For simplicity, we can assume that for each \(n\), we have,

(2.42)\[\begin{equation} \frac{|c_{n+1}|}{|c_{n}|} \approx 0.6 \quad \text{and} \quad \frac{|c_{n+1}|}{|c_{n}|^2} \approx 0.6 \end{equation}\]

For linearly and quadratically convergent schemes, this means that

(2.43)\[\begin{equation} |c_{n} - 0| = |c_n| \approx 0.6 |c_{n-1}| \approx (0.6)^2 |c_{n-2}| \approx \dots \approx (0.6)^n |c_{0}|, \end{equation}\]

and

(2.44)\[\begin{equation} |c_{n} - 0| = |c_n| \approx 0.6 |c_{n-1}|^2 \approx (0.6) [(0.6) |c_{n-2}|^2]^2 \approx \dots \approx (0.6)^{2n-1} |c_{0}|^{2^n}, \end{equation}\]

respectively.

2.4.1. The Order of Accuracy of the Bisection method

Observe that, in the Bisection method, the size of the interval containing a root is halved at each iteration. Therefore, the error is reduced by approximately a factor of 2, and the sequence \(\{c_n\}\) converges \textbf{linearly}.
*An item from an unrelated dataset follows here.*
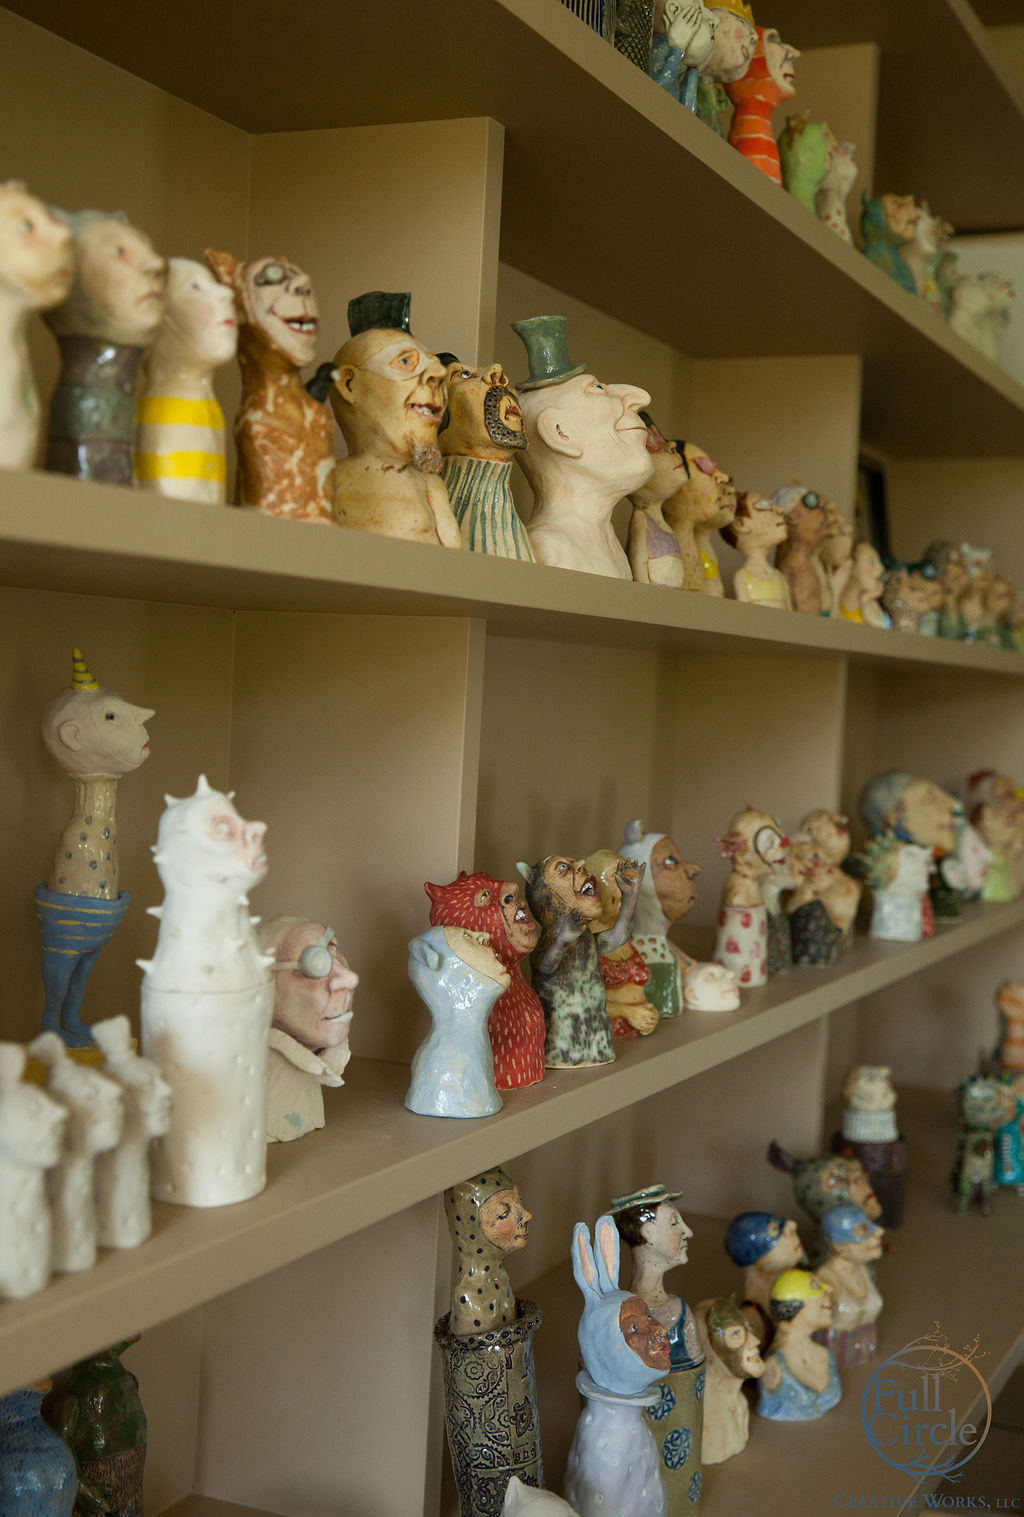 My sculptures in their studio space

Example: Investigate the order of convergence of the Bisection method for

\[\begin{equation*} f(x)=x^{2}-x-2 \end{equation*}\]

on \([0,~3]\) using \(c = 2\) (exact root).

Solution:

Observe that \(x = -1\) and \(x = 2\) are the roots of \(x^{2}-x-2 = 0\). \(f(x)\) has one root (\(x = 2\)) between \(a = 0\) and \(b = 3\).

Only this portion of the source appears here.